• What is expected
When you reach a picture, skip it, and retype every line below exactly.

____

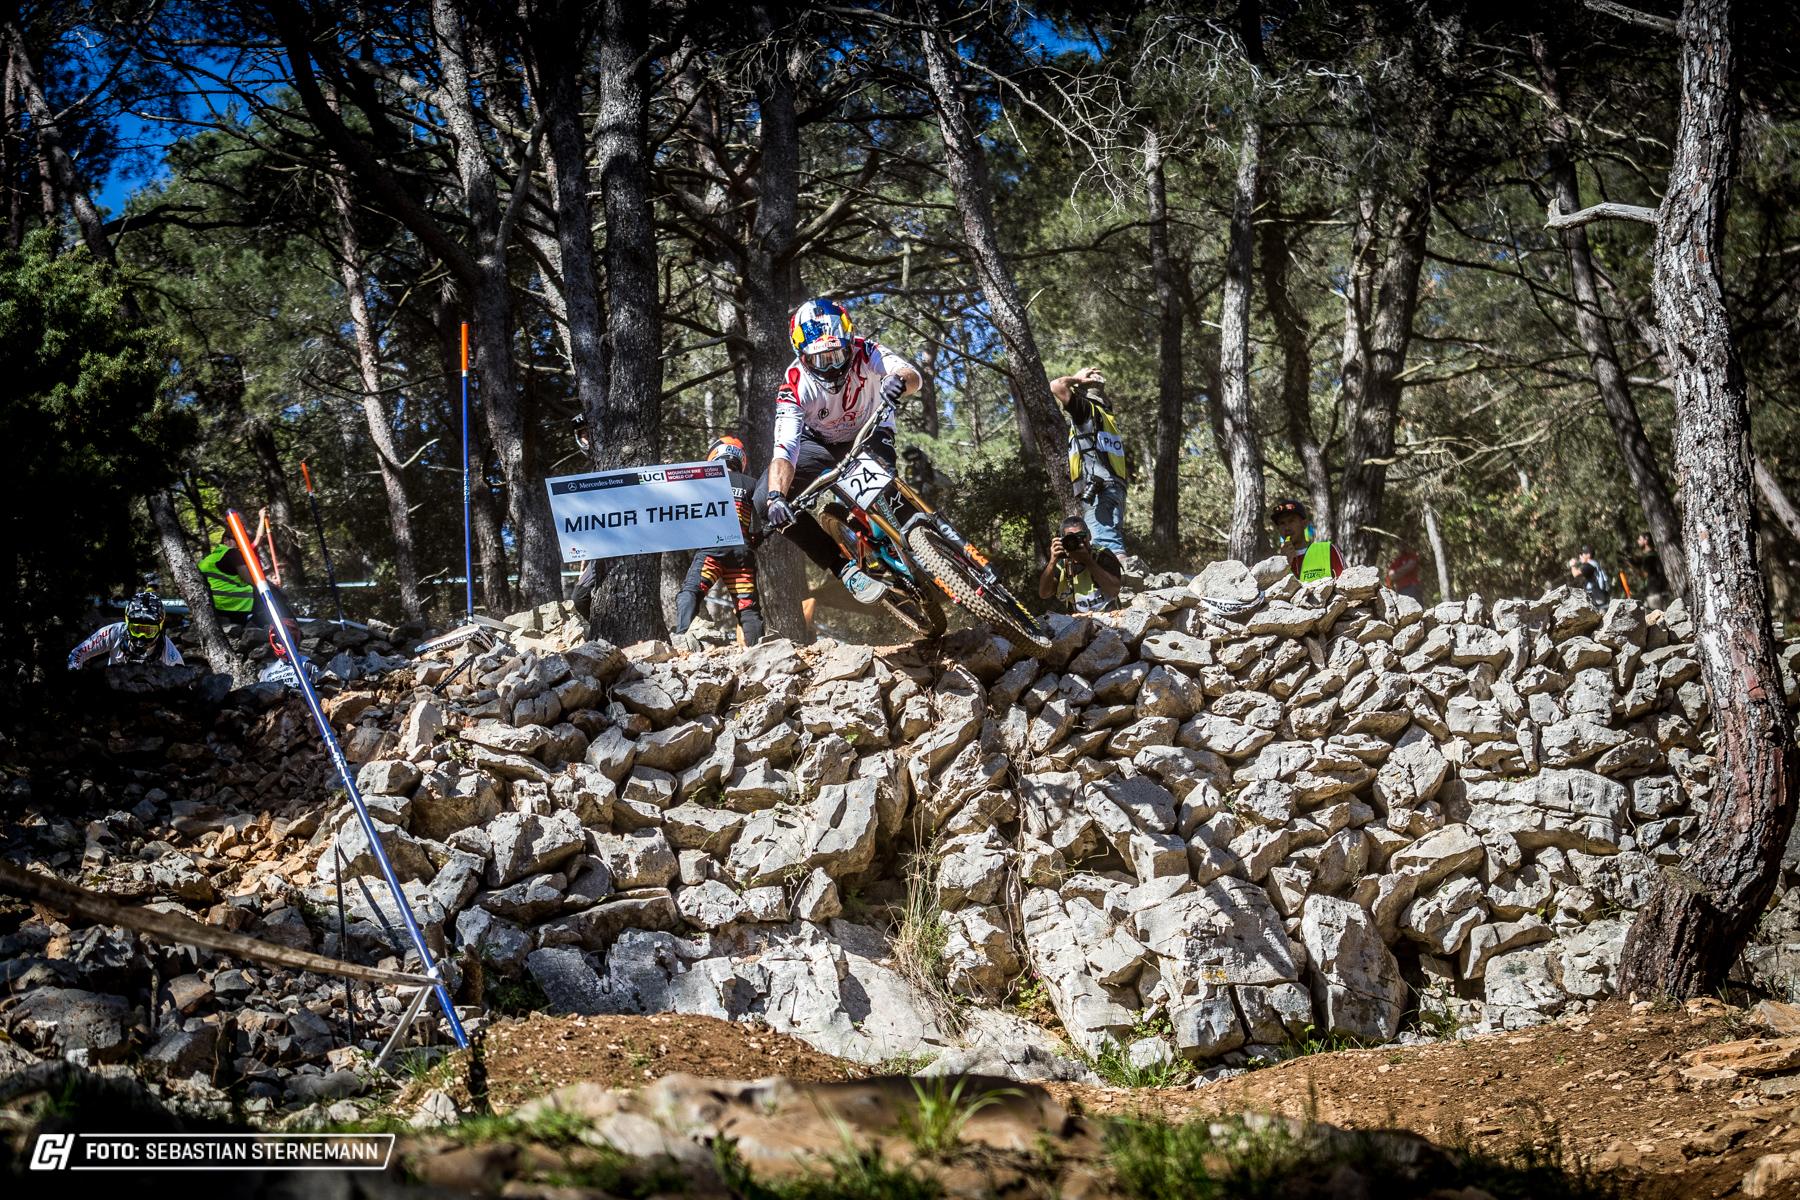 UCI Downhill Worldcup 2018 Losinj
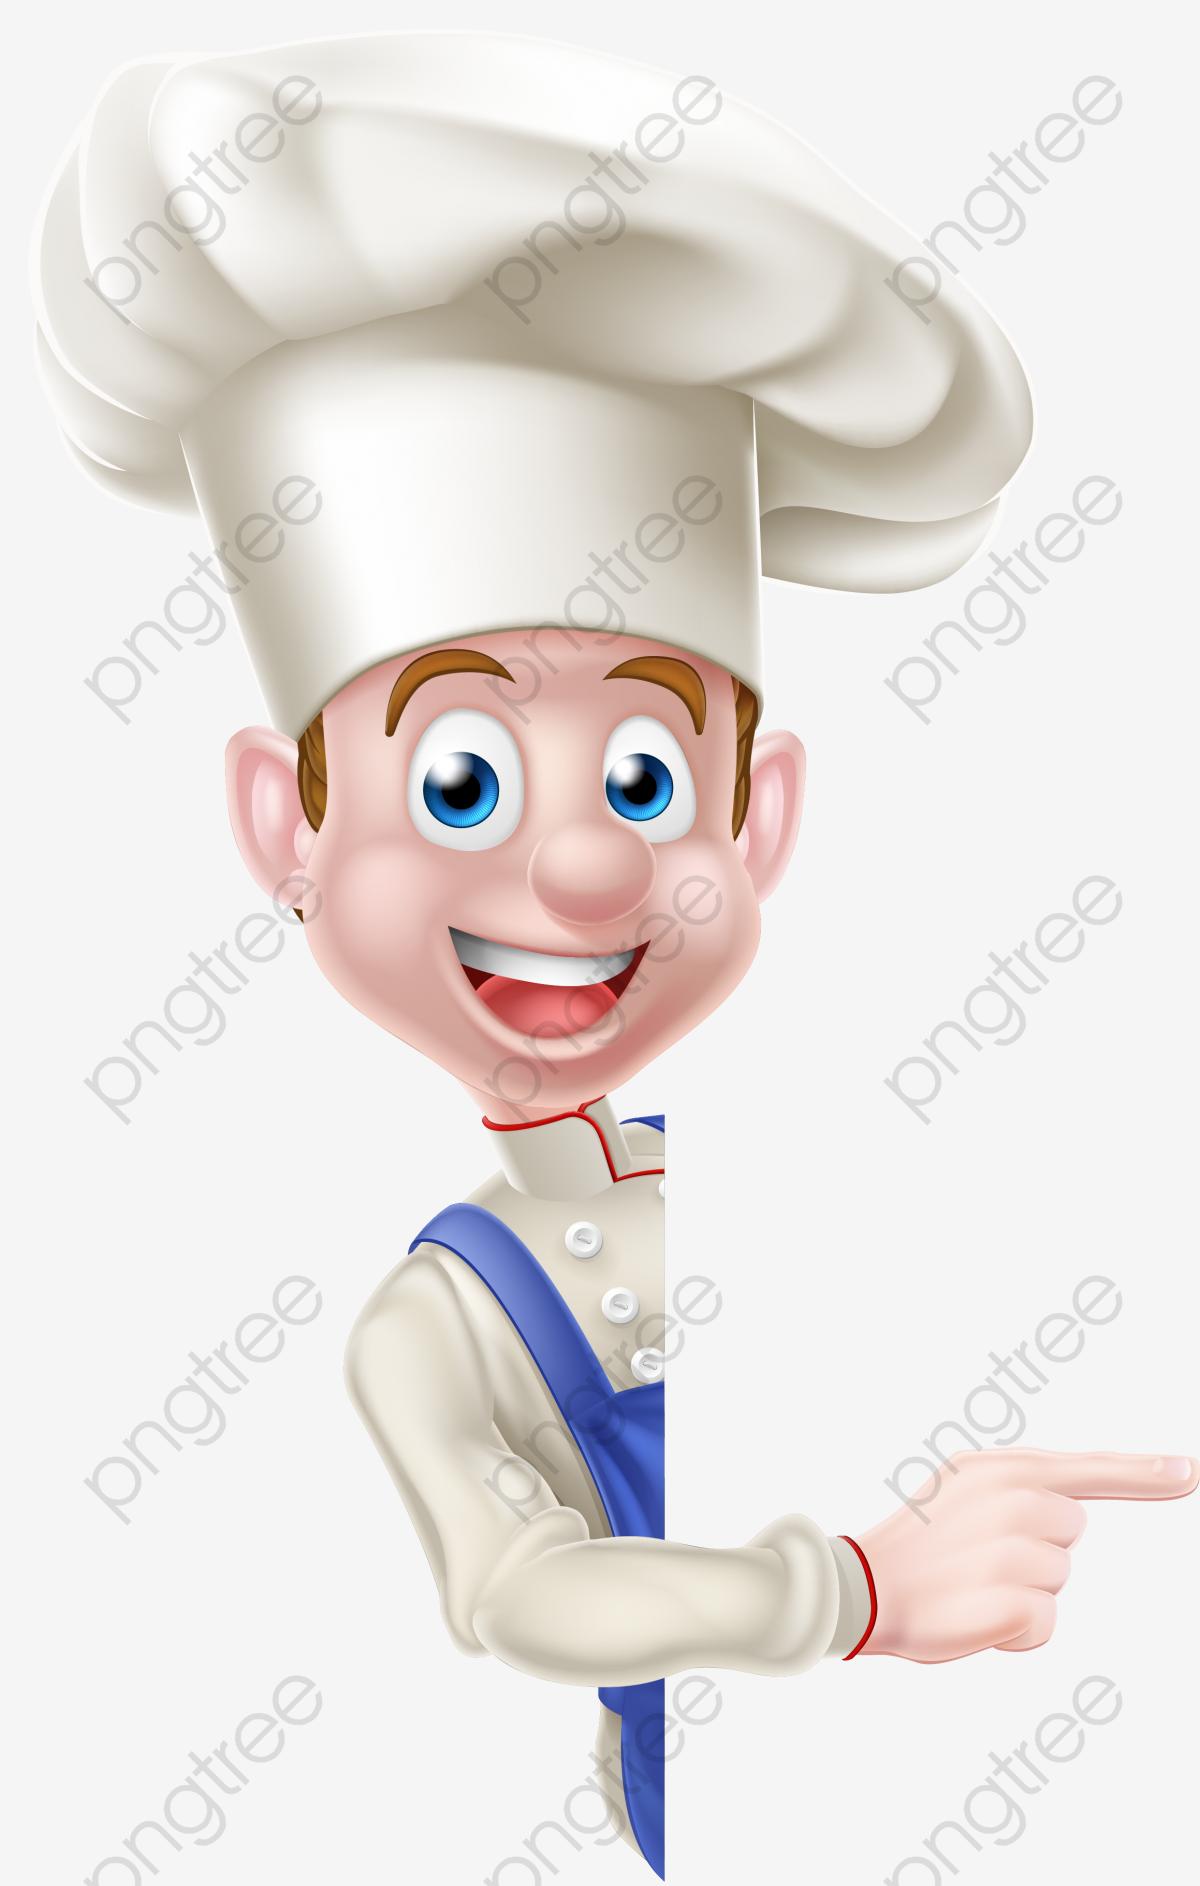 Texto E Imagem De Fundo Comida Deliciosa Cartoon Chef Grafico De Vetor Png E Vetor Para Download Gratuito Vetores Png Design Criativo Imagens De Fundo
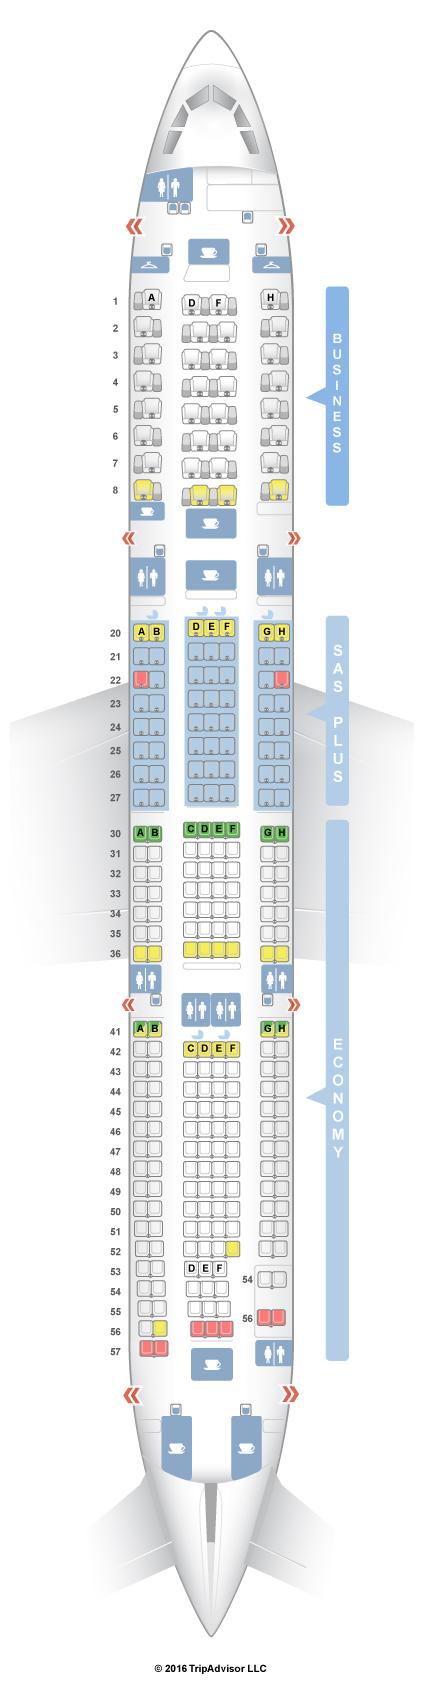 seatguru seat map sas airbus a330 300 333
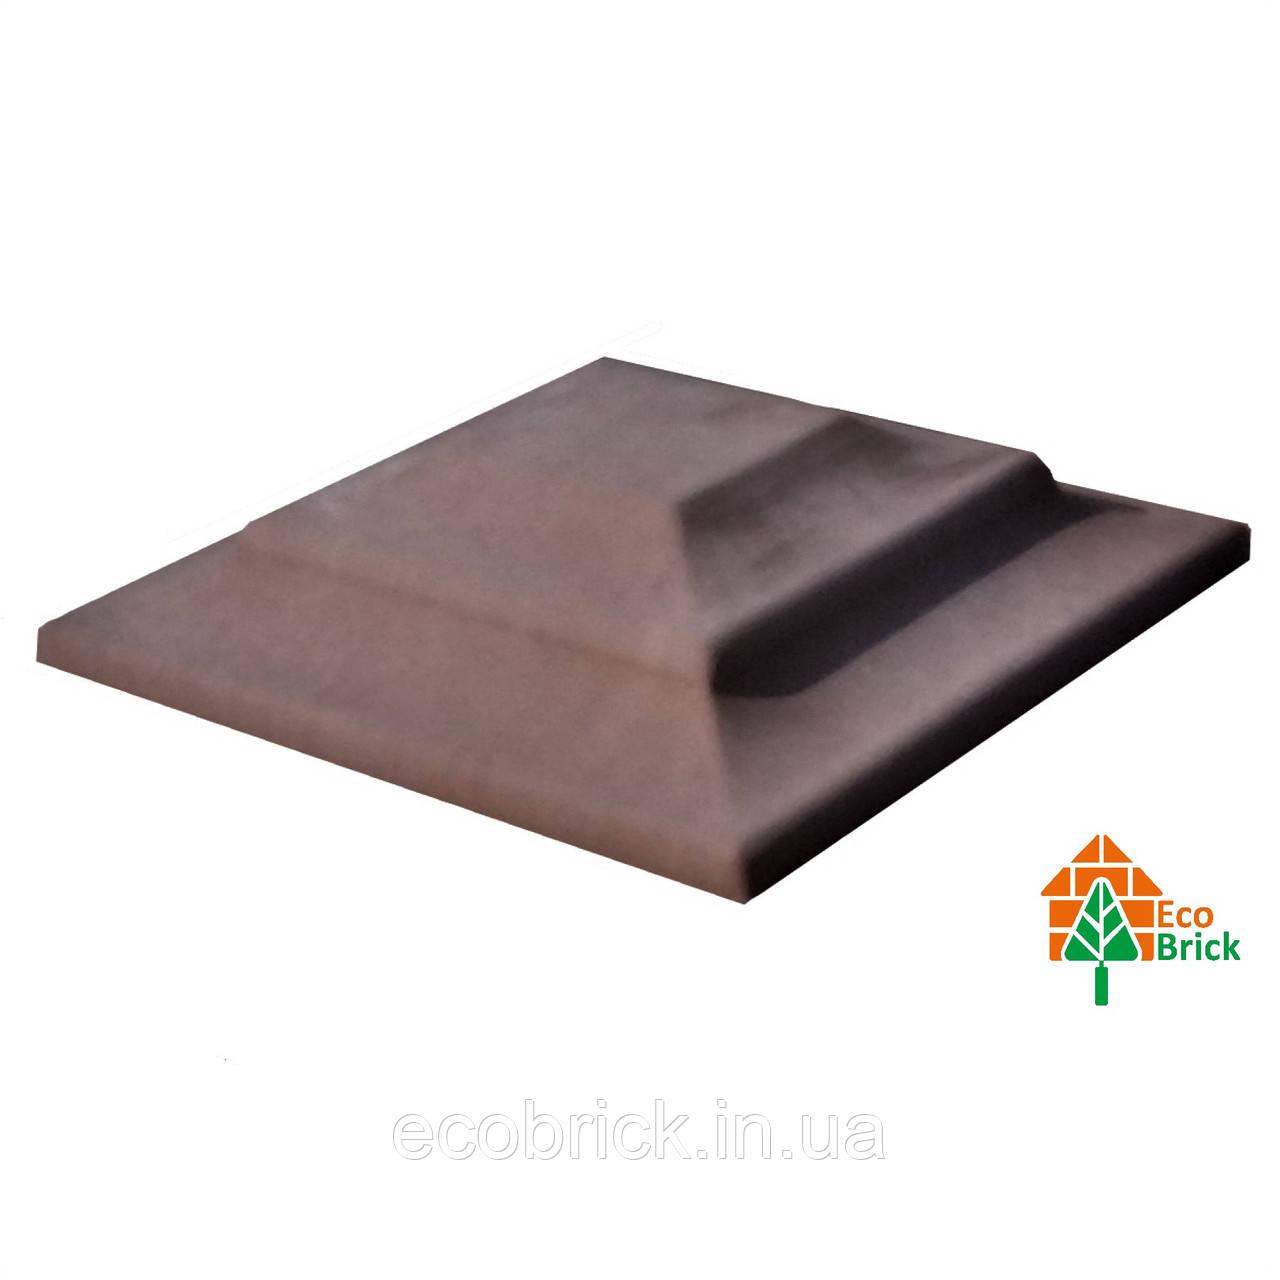 Крышка для кирпичного забора «КАРПАТИ» 310х310, цвет коричневый, вес 15 кг.
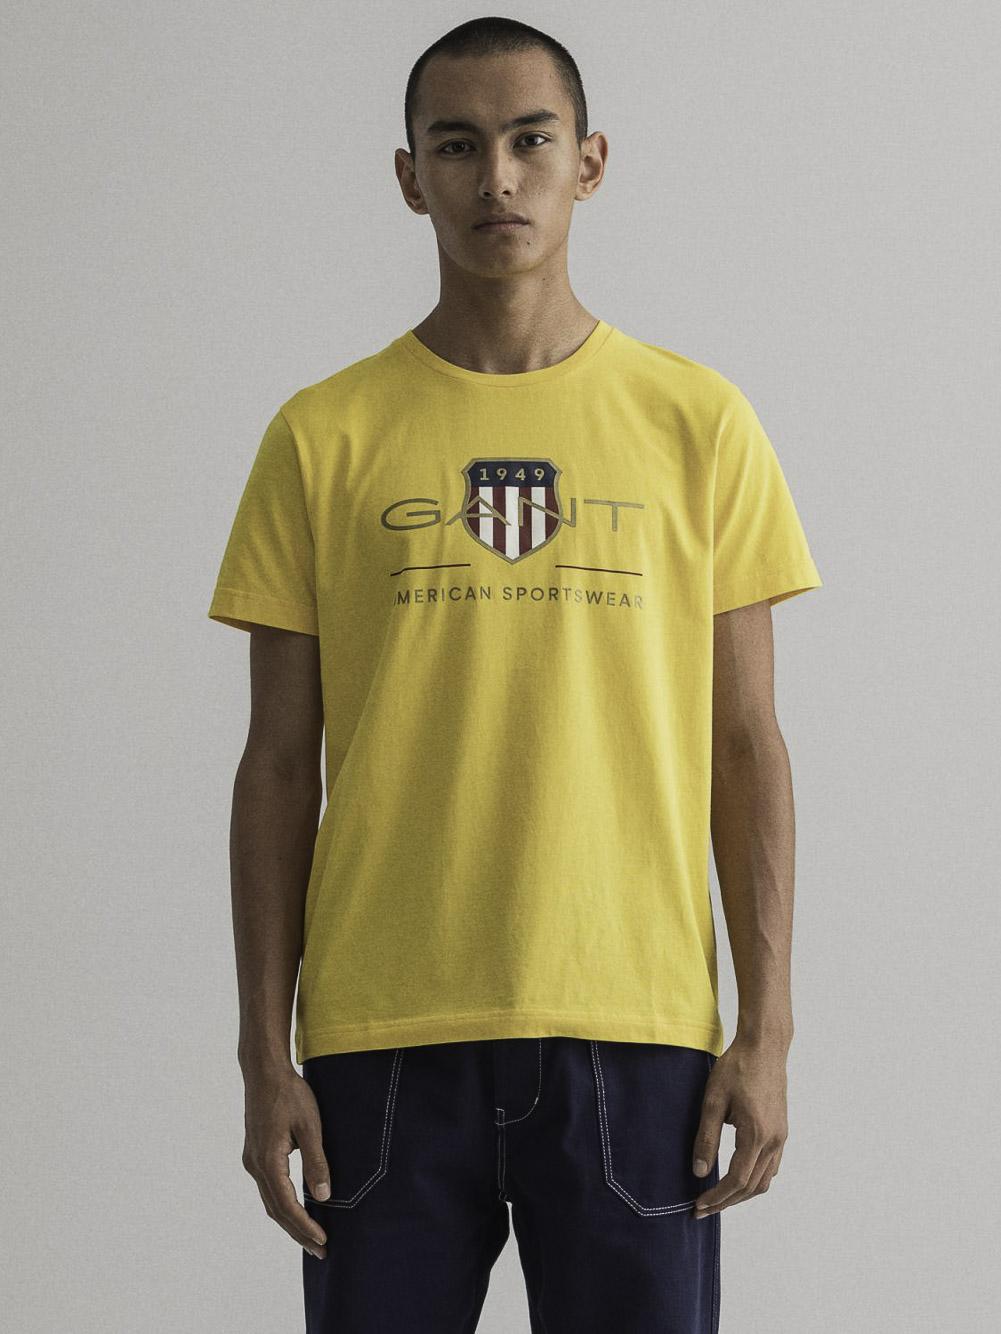 GANT Μπλούζα t-shirt 3G2003099-728 ΚΙΤΡΙΝΟ ΣΚΟΥΡΟ

____

• Task response
 UCI Downhill Worldcup 2018 Losinj
 Texto E Imagem De Fundo Comida Deliciosa Cartoon Chef Grafico De Vetor Png E Vetor Para Download Gratuito Vetores Png Design Criativo Imagens De Fundo
 seatguru seat map sas airbus a330 300 333
 Крышка для кирпичного забора «КАРПАТИ» 310х310, цвет коричневый, вес 15 кг.
 GANT Μπλούζα t-shirt 3G2003099-728 ΚΙΤΡΙΝΟ ΣΚΟΥΡΟ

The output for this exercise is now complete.